# New gear



## aMb (Oct 25, 2014)

After a long time lusting over a GS3 I finally pulled the trigger on one. Many thanks also to coffeechap for supplying the E10, it looks great it aluminium next to the GS3. Still taking a while to get it all tuned in, I do remember my K10PB needing quite a lot of beans through it before getting consistent shots. Also, the steaming power and 3 hole wand is getting some used to when trying to make flat whites!


----------



## Dylan (Dec 5, 2011)

Quite that machine! Congrats on the purchase.


----------



## glevum (Apr 4, 2013)

Ace setup.


----------



## coffeechap (Apr 5, 2012)

lovely set up


----------



## Nod (Sep 7, 2013)

Nice setup!! You will love the gs3 and awesome grinder to pair it with.... Enjoy


----------



## 4085 (Nov 23, 2012)

hope you get the hang of volumetrics......I never did!
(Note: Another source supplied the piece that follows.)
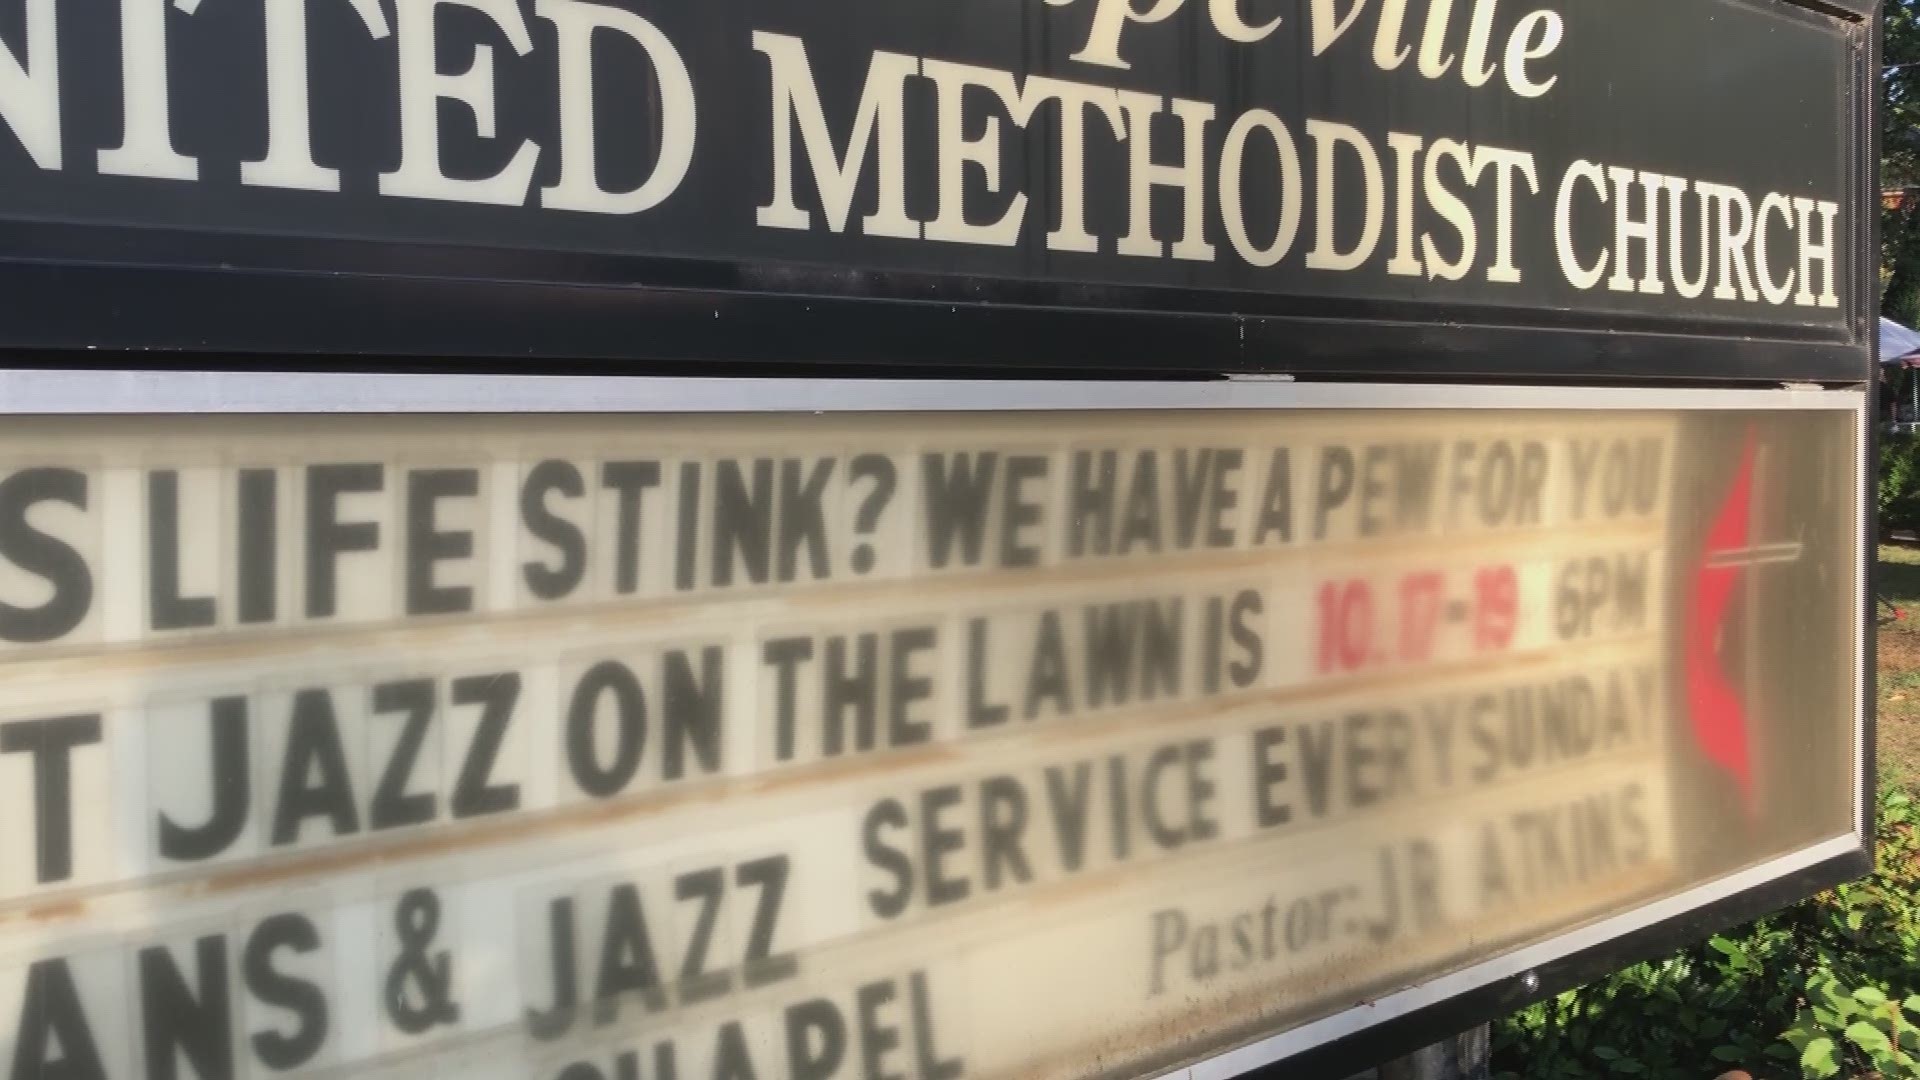 The Hapeville First United Methodist Church concert features 'Jazz on the Lawn'

Look through the menus and theres a way of putting your name in the display panel!


----------



## risky (May 11, 2015)

Serious gear there! Very shiny. Though that warning sticker they insist on putting on the group....


----------



## Darrenb80 (Dec 27, 2015)

Something Similar to what I'm looking at getting I'm guessing it's plumbed in congrats


----------



## bigstevo (Dec 28, 2015)

Wow looks ace, one day.


----------



## Glenn (Jun 14, 2008)

How are you getting on after a week?

Nice looking combo.


----------



## aMb (Oct 25, 2014)

Glenn said:


> How are you getting on after a week?
> 
> Nice looking combo.


Thanks, going well, I don't think I've had a single bad shot out of the GS3 yet, combined with how easy it is to steam milk, it's a great bit of machinery. Glad I went with the E10 too.


----------



## NateChat (Aug 24, 2015)

Have to agree. So pleased with mine.


----------



## DavidBondy (Aug 17, 2010)

Great bit of kit! I love mine and wouldn't part with it!


----------



## baileyt (Jan 31, 2016)

Very nice, did you consider any other grinders?


----------



## hotmetal (Oct 31, 2013)

Wow this is a serious coffee corner!


----------



## Deejaysuave (Jan 26, 2015)

"Lovely Stuff"


----------



## ItalianBrew (Feb 15, 2016)

Now that is a serious coffee station, very nice set-up indeed, ah one can dream, congrats.


----------



## AMCD300 (Feb 11, 2016)

Looks nice - lots of dials to look at too


----------



## Dallah (Jan 31, 2015)

Obviously my SDB is not a patch on the GS3 but I can say with hand on heart --- volumetrics at 05:00 are a god send.


----------



## Dallah (Jan 31, 2015)

Best of luck with that steam wand. I almost blew all the milk out of the jug playing one at the Forum day at Rave coffee last year.


----------



## Beanosaurus (Jun 4, 2014)

ridland said:


> Obviously my SDB is not a patch on the GS3 but I can say with hand on heart --- volumetrics at 05:00 are a god send.


Don't be daft!

(Maybe not in the how quick can you steam stakes)


----------



## NateChat (Aug 24, 2015)




----------